Мы с Юрой считали, что раньше кот жил в каком-нибудь волшебном месте. Может, в удивительной стране, где звери говорят, а люди умеют летать. Потому мы и прозвали его Странником, и к имени этому я быстро привыкла. Как и к самому коту и его странностям. К тому, например, что Странник был слишком крупным для простого кота и частенько появлялся там, где быть не мог. Я делилась с ним своими секретами, я привязалась к нему и думала, что он останется со мной навсегда.
Но почему-то в моих спутанных воспоминаниях все восемь лет Странник был безымянным статистом на заднем плане, хотя, на самом деле, он – главное воплощение моей магии и самый близкий друг детства.
– Прости, – сказала я, вновь повернувшись к окну. Что толку вглядываться в темноту.
– С возвращением, Софи.
***В августе мы с Юрой много ссорились. После того, как предки попытались отобрать у меня кота, я днями торчала в своей комнате и следила, чтобы его никто не трогал. Юра маялся бездельем и подолгу стоял возле нашей калитки, но так и уходил без меня. Странник прятался и больше не показывался мне на глаза. А я все сидела с мисочкой молока и ждала, что он вылезет из укрытия. Но кот больше не пил молоко, и приманить его таким примитивным образом не получалось.
Как-то бабушка пригласила Юру в дом, и я слышала, как внизу мои родители беседуют с ним о чем-то вполголоса. Затем он поднялся и постучал в дверь моей комнаты. Открывать я отказалась, но подползла поближе к двери. Так мы и разговаривали.
– Я пару раз ходил к разлому, но магия все не показывается, – рассказывал он.
– Моя магия тоже мне не показывается, – печально отозвалась я, имея в виду Странника.
– И не покажется, пока дома сидишь, – по-своему интерпретировал мои слова Юра. – Чего ты не выходишь?
– Боюсь, они снова попробуют забрать у меня Странника.
Молчание.
– Кот в твоей комнате?
– Да.

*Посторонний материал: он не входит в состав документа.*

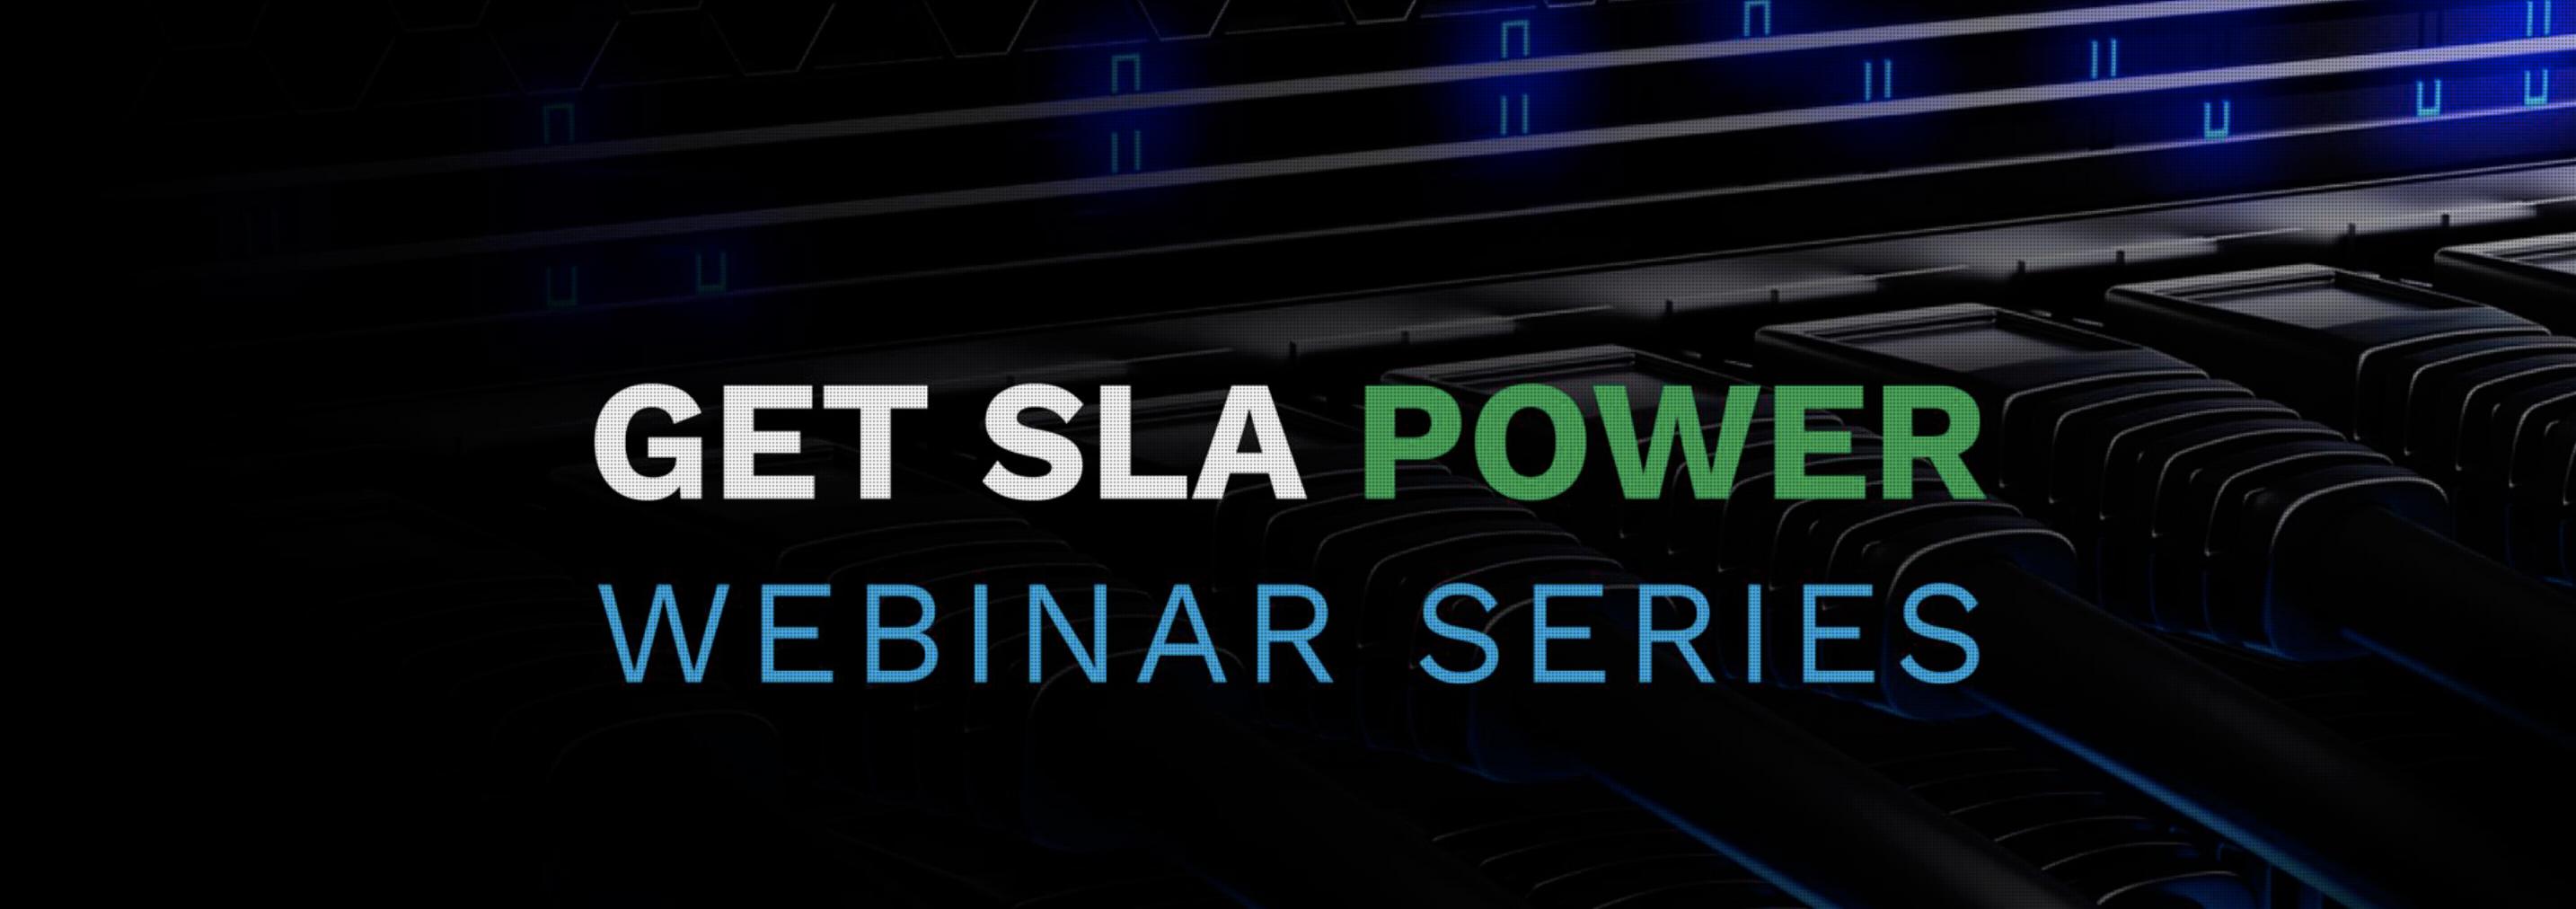 Webinar Series: Get Your SLA Power Back!
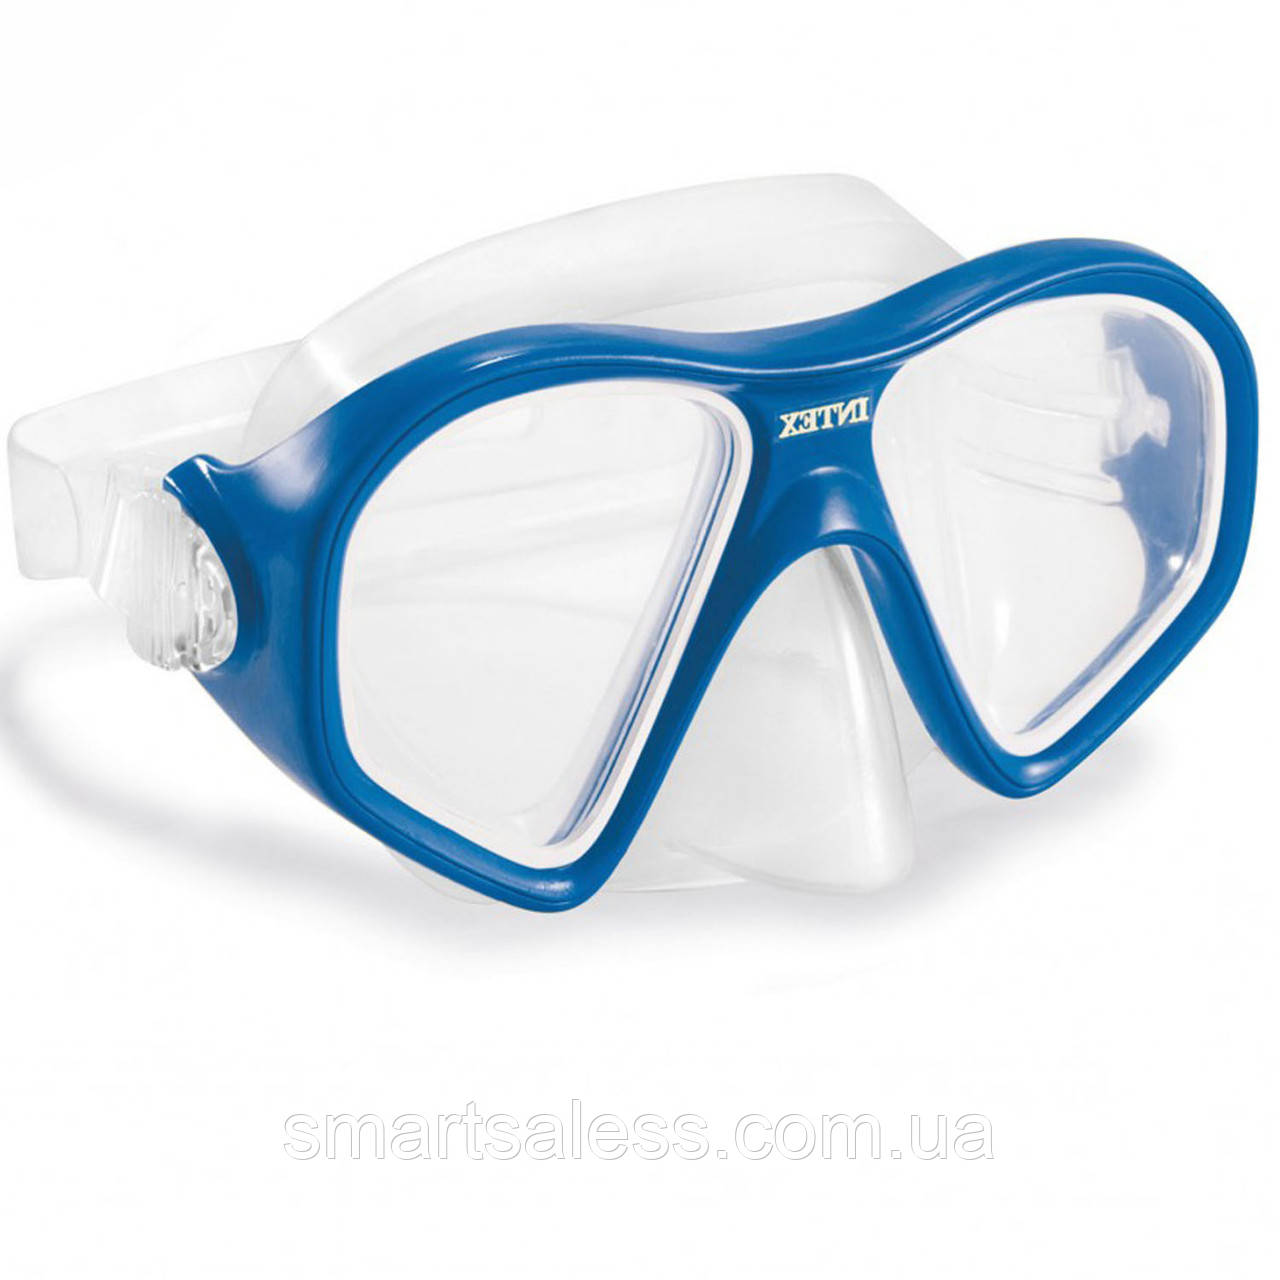 Маска для плавания Intex 55977, размер L (14+), обхват головы ≈ 54-65 см,синяя

И мне кажется, они все почему-то настроены против него.
– Твои родители?
– И бабушка.
Юра задумался.
– Я поговорю с ними, – заявил он. – Даю слово, не тронут они его.
И Юра ушел. Я услышала, как моя родня накинулась на него с расспросами, а мама то и дело шикала на всех, чтобы говорили тише.
К моему удивлению, позже родители пришли и уверили меня, что кота никто не тронет, и, Юре на радость, мое затворничество, наконец, кончилось. Родители все еще странно вели себя, улыбались как-то наиграно, все время многозначительно переглядывались, а бабушка даже не смотрела в мою сторону. Когда я появлялась, мы вязли в густой утомительной тишине, потому я чувствовала себя неуютно рядом с ними.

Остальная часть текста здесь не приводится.